About this exercise =
From the line with "Vince New Größe" down to the final line of the material, please transcribe everything exactly, but leave the pictures out.

Material provided =
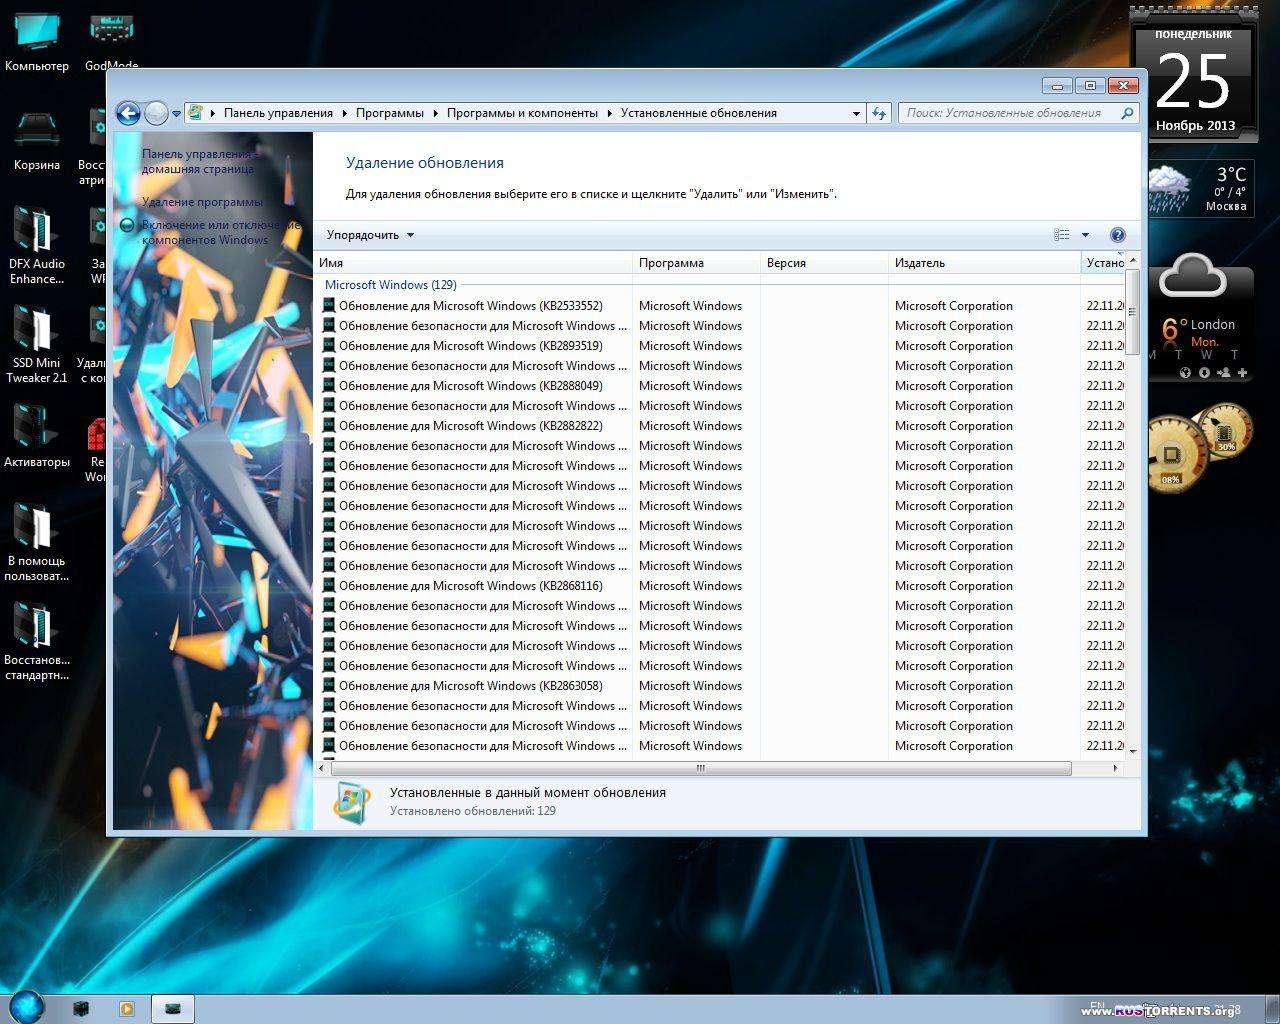 Windows 7 SP1 Ultimate x86/x64 MoN Edition V.2.08 RUS
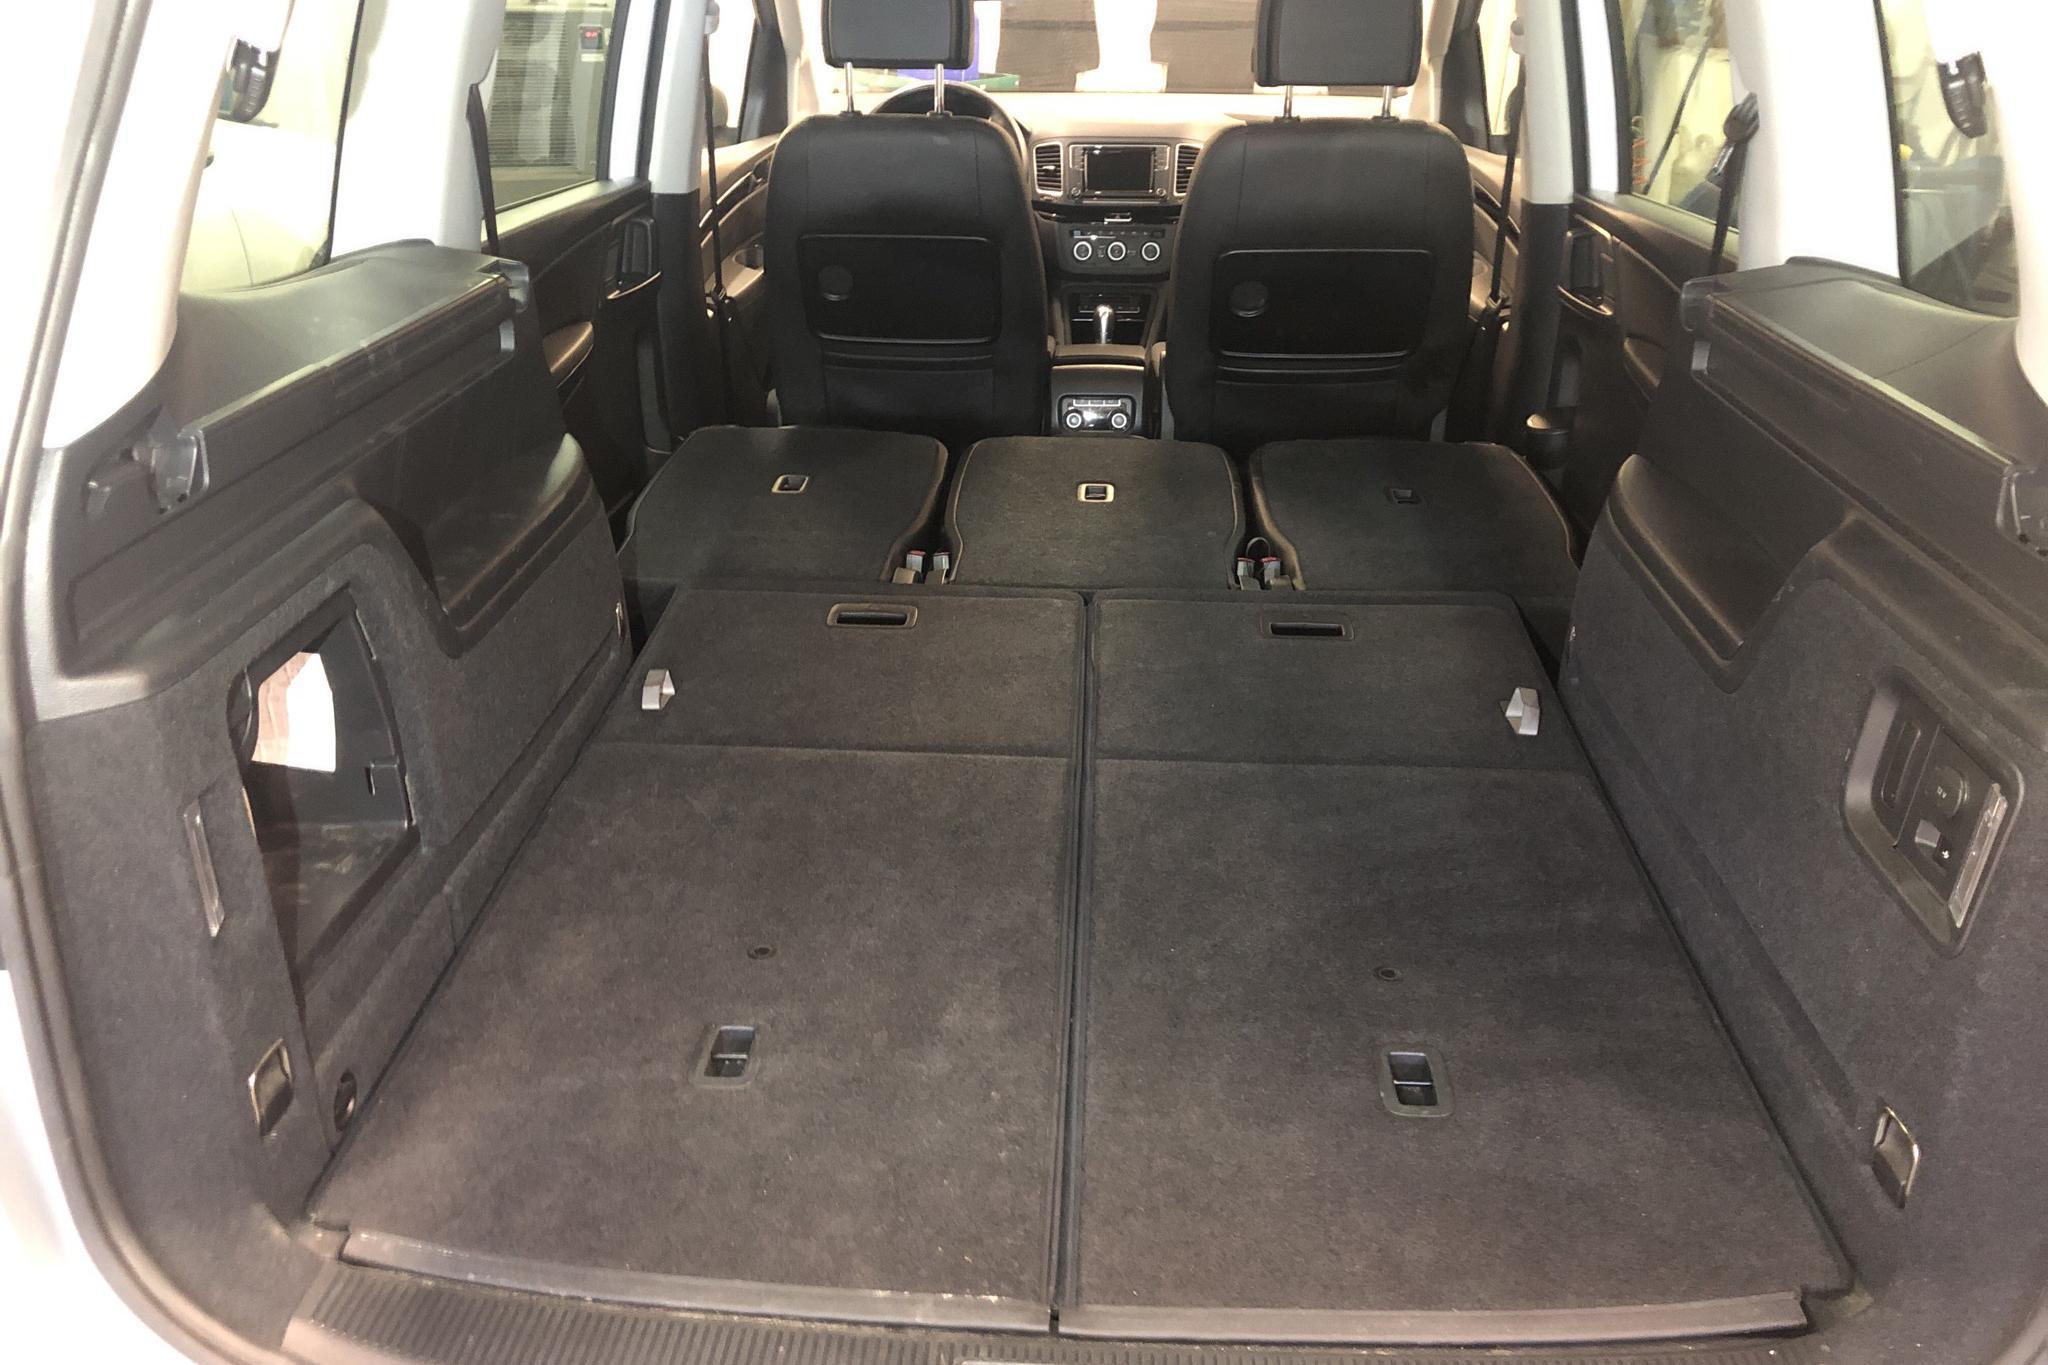 VW Sharan 2.0 TDI 4Motion (184hk) - 43 570 km - Automatic - silver - 2017
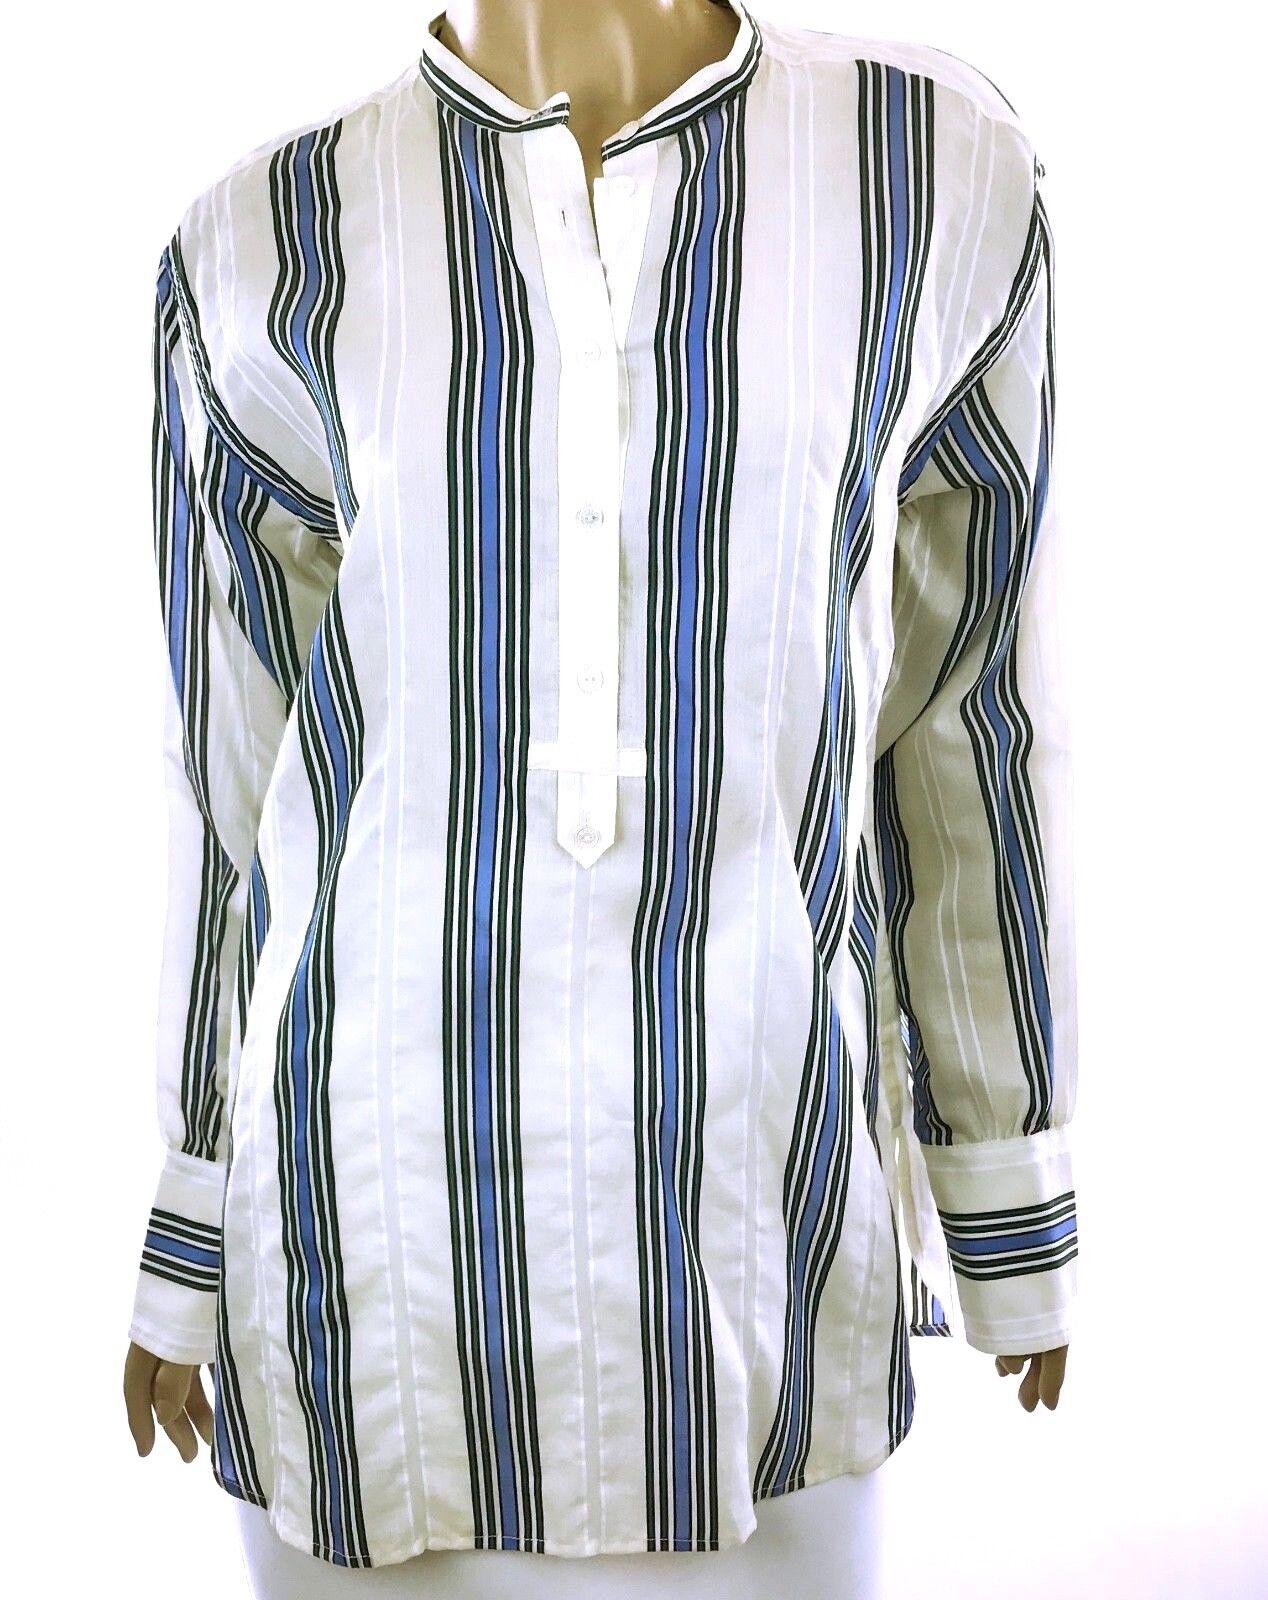 Vince New Größe 4 Tunic Top Blouse Weiß Blau Stripe Cotton Blend Long Sleeves
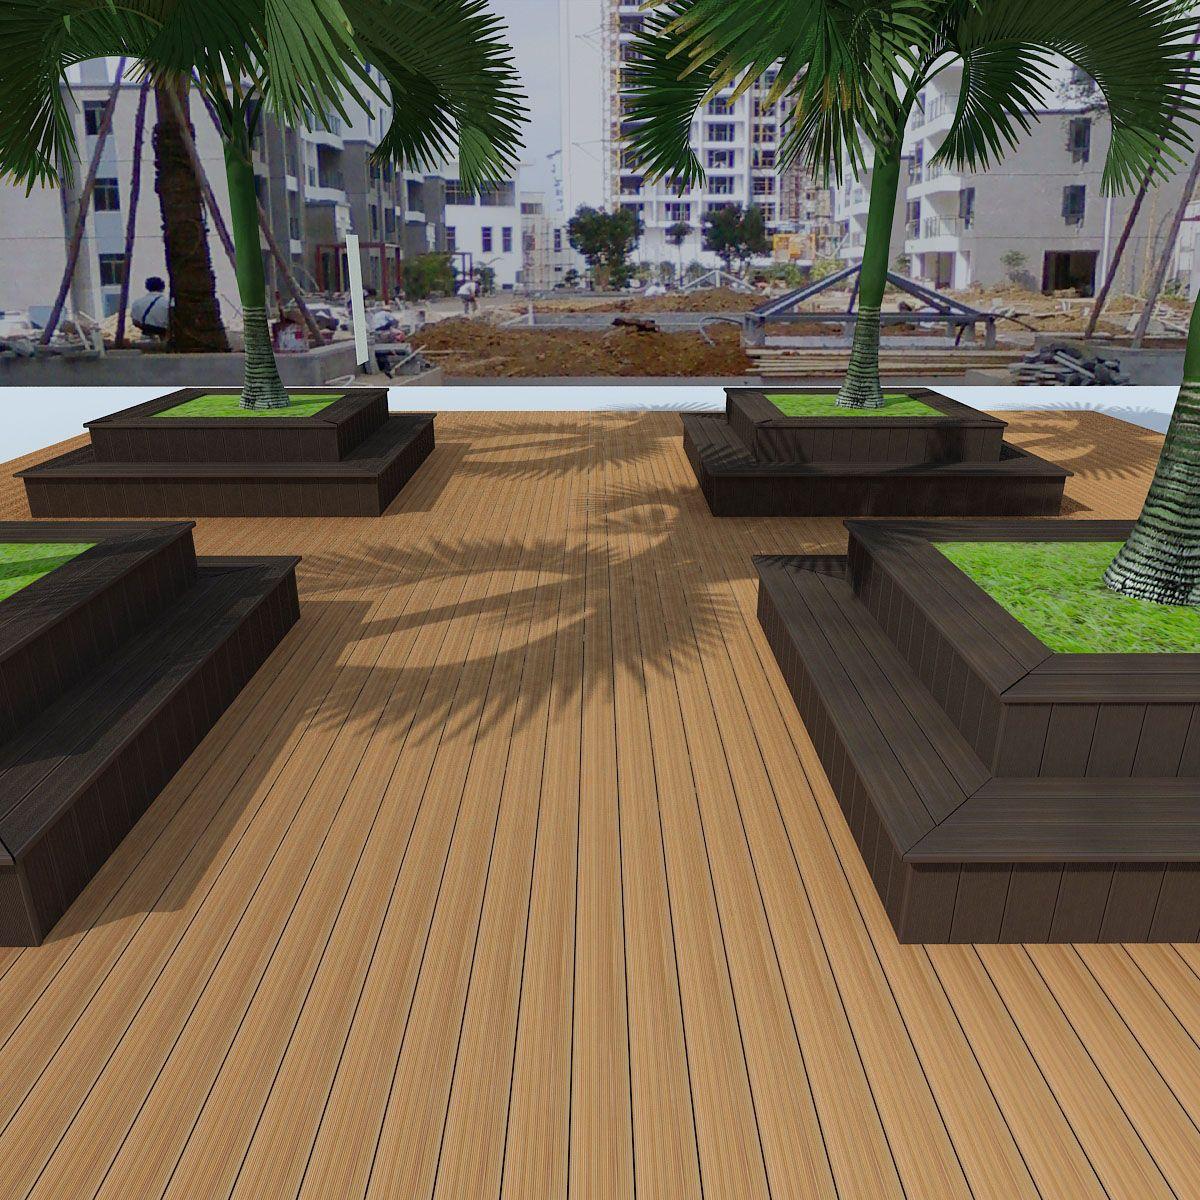 moldova laminate flooring,lowes composite decking on sale

Expected answer =
 Vince New Größe 4 Tunic Top Blouse Weiß Blau Stripe Cotton Blend Long Sleeves
 moldova laminate flooring,lowes composite decking on sale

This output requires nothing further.